> Work instructions: Return only the lines below starting at the line containing "Vici Red Halter" and ending at the line containing "钢筋混凝土排水管铺设有怎样的要求", both included, exactly as they are and with no pictures.

> Record excerpts:
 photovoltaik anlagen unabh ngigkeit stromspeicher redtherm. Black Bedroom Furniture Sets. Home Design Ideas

---

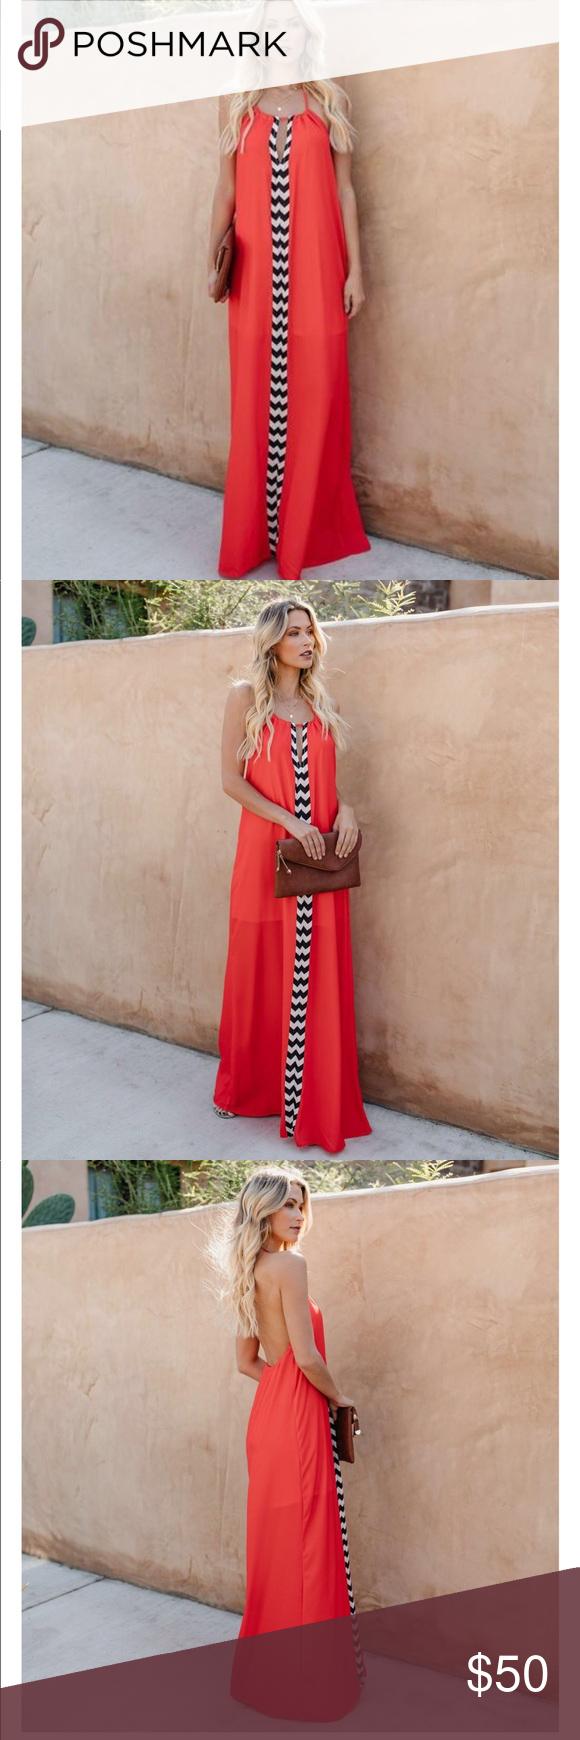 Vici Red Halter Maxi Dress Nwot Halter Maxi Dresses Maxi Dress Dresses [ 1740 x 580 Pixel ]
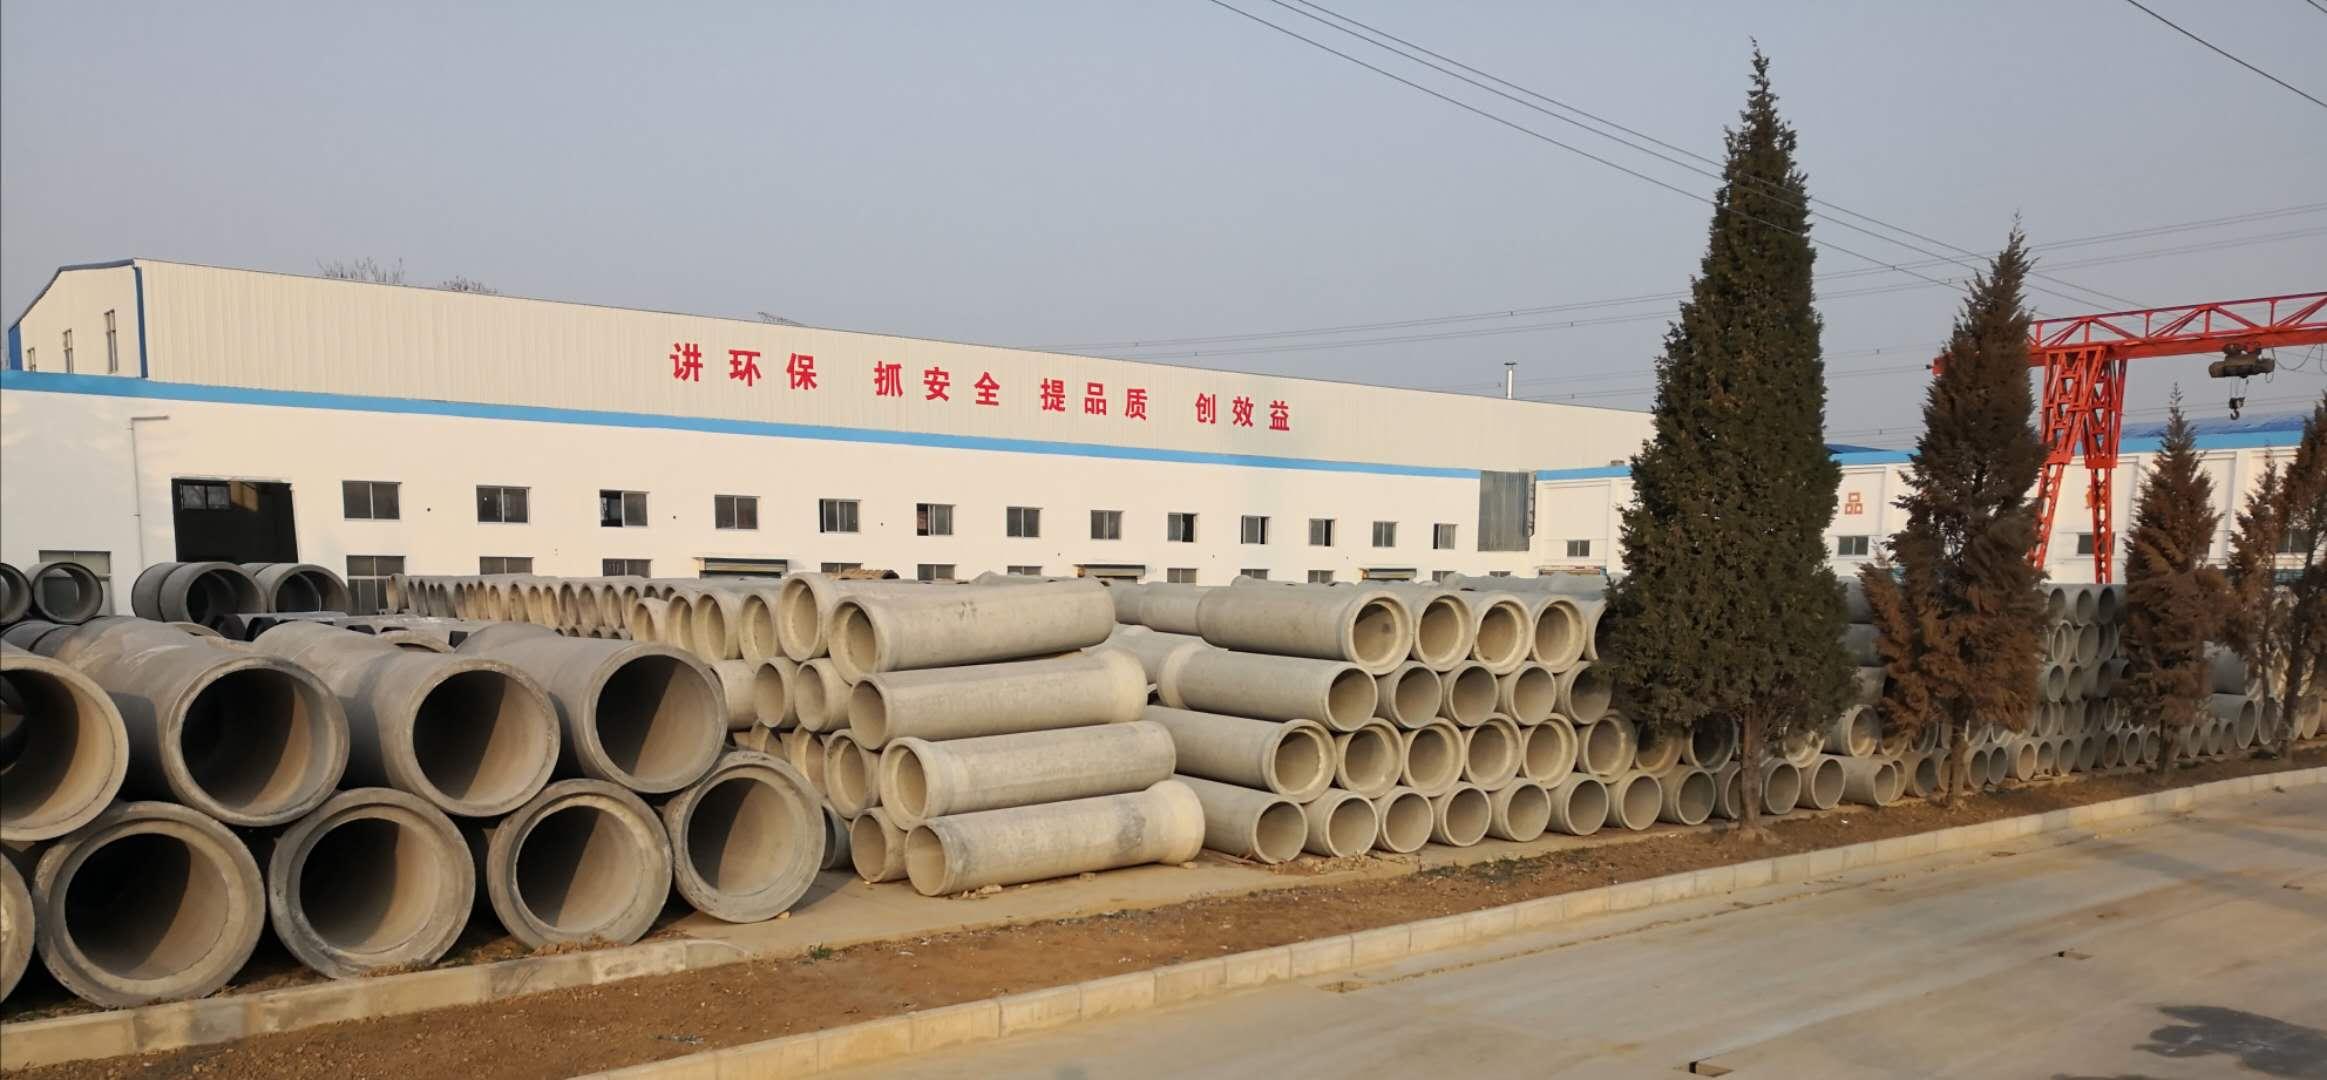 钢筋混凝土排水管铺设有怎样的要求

> Result:
 Vici Red Halter Maxi Dress Nwot Halter Maxi Dresses Maxi Dress Dresses [ 1740 x 580 Pixel ]
 钢筋混凝土排水管铺设有怎样的要求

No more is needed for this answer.